Vojtěch Kába: A Conductor of His Own Productions, Where Film and Music Experience Meet
Vojtěch Kába grew up in Brno, and for a long time it seemed that his world would revolve more around orchestras than film sets. After high school, he enrolled at JAMU to study music production, spending several years moving between philharmonic halls and concert stages, learning how big cultural institutions function behind the scenes. But he found himself increasingly drawn to the visual world. He began recording performances, photographing opera rehearsals, shooting promo videos — and gradually realized that audiovisual work was the environment where his energy made the most sense.
What began as a hobby slowly became a profession. With a group of friends from high school, he first photographed graduation balls, then came the first campaigns, livestreams, and larger commissions for the city, nonprofits, and major companies. Vojtěch discovered that he most enjoyed bringing people and professions together — not just standing behind the camera, but thinking about what the project communicates, who it’s for, and how it should resonate. That’s why, after finishing his bachelor’s degree in Brno, he headed to the Production Department at FAMU. There he completed his master’s degree, produced several student films, and simultaneously developed his own company, which evolved from a photography studio into a full-fledged production house.

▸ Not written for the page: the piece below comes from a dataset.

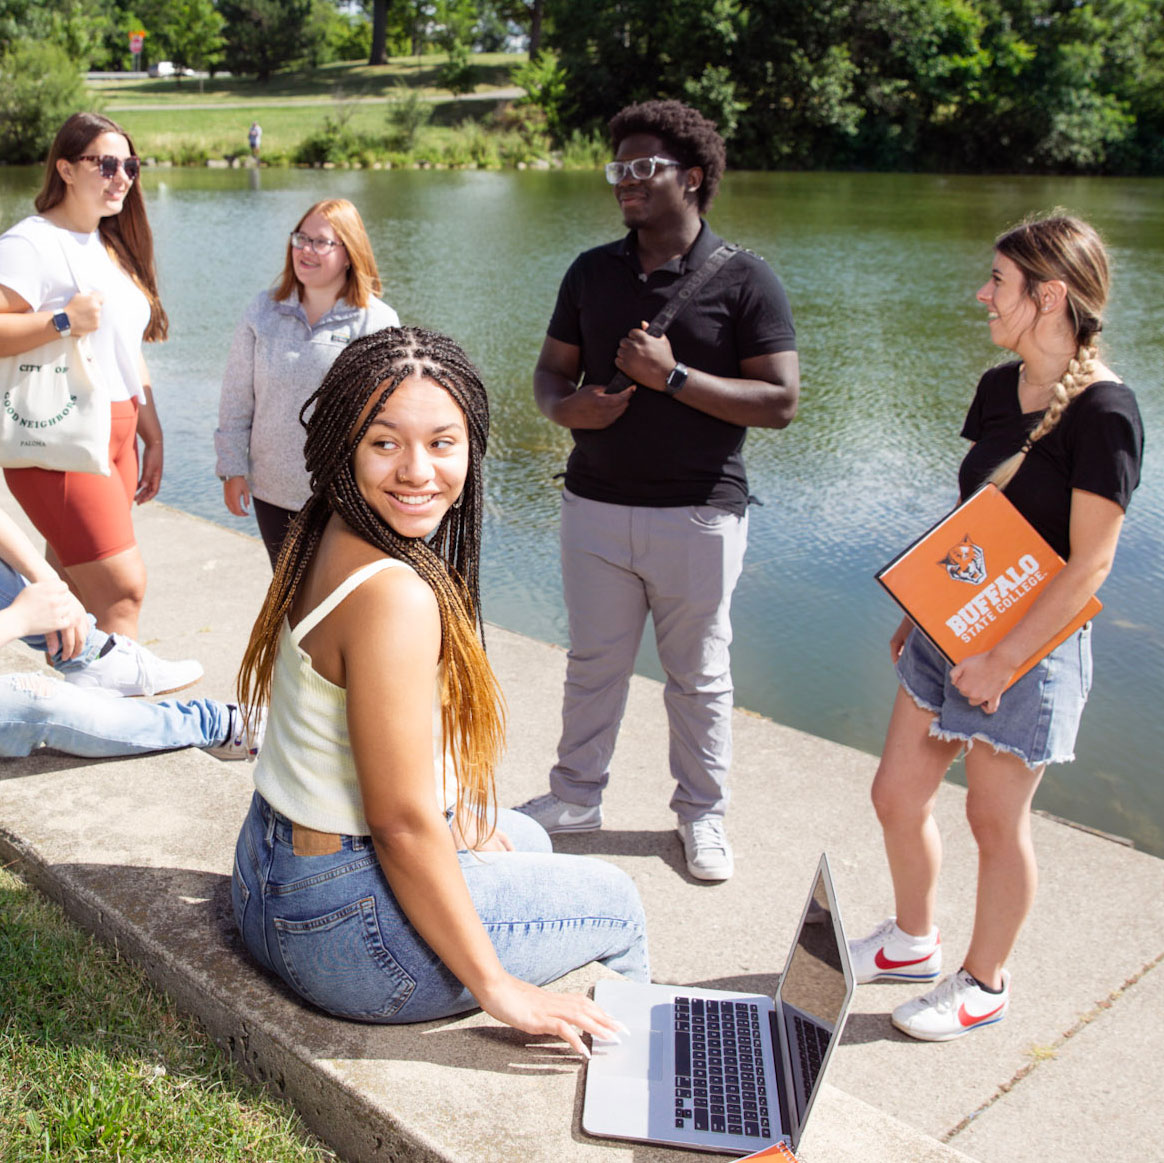 Group of students talking in the park with notebooks and study materials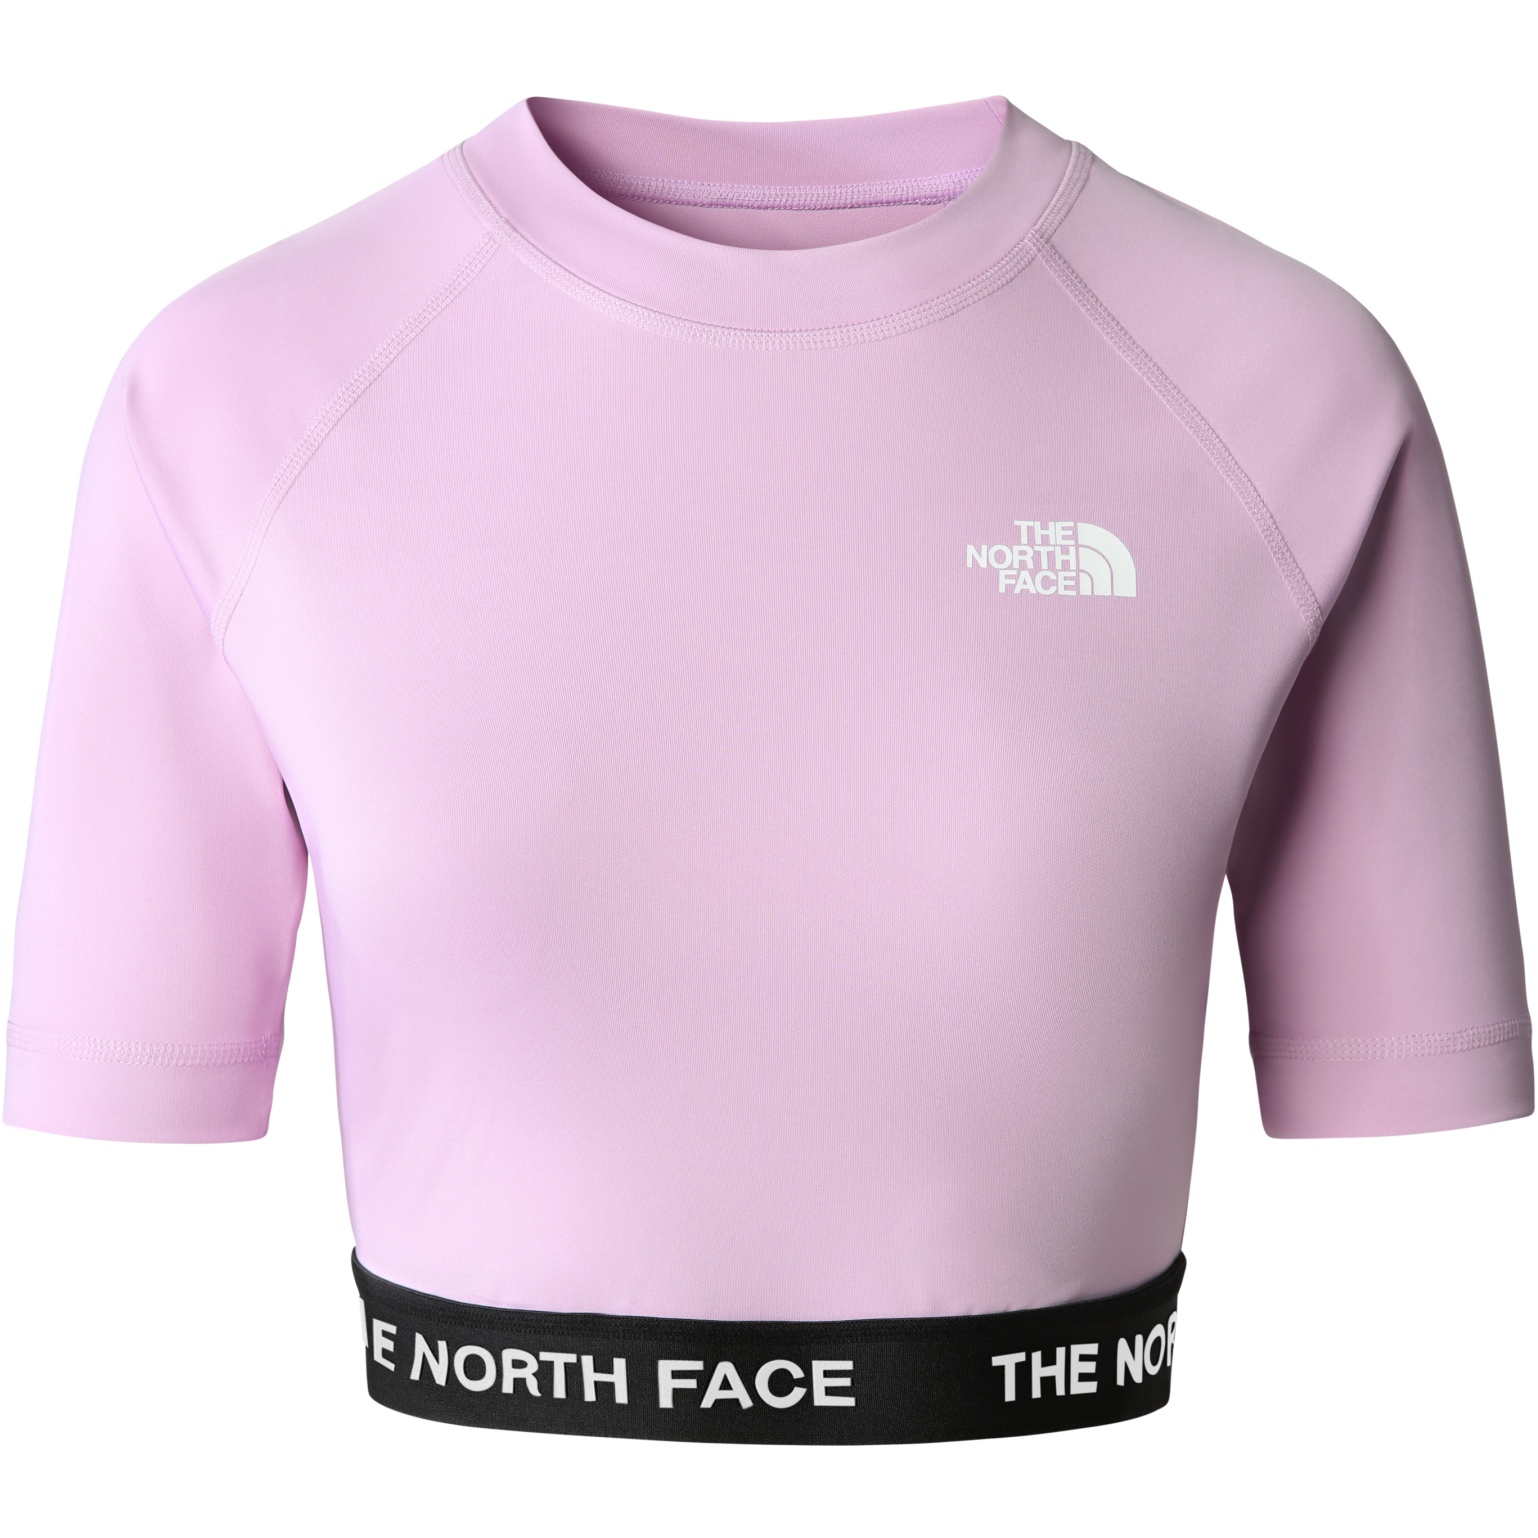 Productfoto van The North Face Performance Crop Top Dames - Lupine

He entered the television world through non-fiction projects. This was his first direct encounter with TV production and also the moment he realized he wanted to understand better how television works from the inside. When he received an email from FAMU about the possibility of applying to the CME Content Academy, it fit neatly into his plans. A program led by people like Michal Reitler represented a logical next step: combining hands-on production experience with a deeper understanding of how formats for a broad audience are created. He approached the admissions process seriously, but experience from other schools helped him treat it more like a friendly dialogue than an exam. “It was clear that the committee truly cared about motivation and the way you think,” he says. Part of the selection was a visual puzzle — from dozens of images, applicants had to assemble a story. For some an unexpected task; for Vojtěch, a natural exercise in something he does routinely: finding structure and meaning where, at first glance, there are only fragments.
Today, he sees himself primarily as a producer. He enjoys developing projects with a clear purpose — whether it’s a commercial spot, documentary, or series. He is comfortable with technology and gladly joins technical roles on set, but he is far more interested in how camera, light, and sound support the dramaturgy and tone of the story. This is also why he systematically tries out different crew positions: he wants to understand what each profession needs, so that as a producer he never pushes people into situations that make no sense.
He gravitates toward fiction and documentary work, ideally the kind that has real impact — whether dealing with sensitive social topics or offering viewers a new perspective on familiar issues. The Academy also helped him rethink his relationship to reality and entertainment formats. Thanks to lectures and case studies, he began to recognize that even strongly audience-oriented projects can subtly work with values and themes that an art-house film would struggle to bring to mainstream viewers.
During his internships, he is spread across several worlds: with Michal Macák, he prepares social media content for football projects; at Punk Film, he participates in documentary development; and on Kriminálka Anděl, he hopes to observe how an established series crew operates. In the classroom projects Fight Club Mezina and Veselka, he serves as producer and dramaturg — with no ambition (for now) to become a screenwriter or director, but with a strong emphasis on vision, structure, and realistic production planning.
In the future, he would like to work as a creative producer in his own independent production company while collaborating with television externally. He draws on the company he has built step by step and on his wide spectrum of experience across various types of shoots. He sees the CME Content Academy as a space where these different layers can connect — entrepreneurship, craft, and thoughtful reflection on the purpose of the projects being created for the audiences they aim to reach.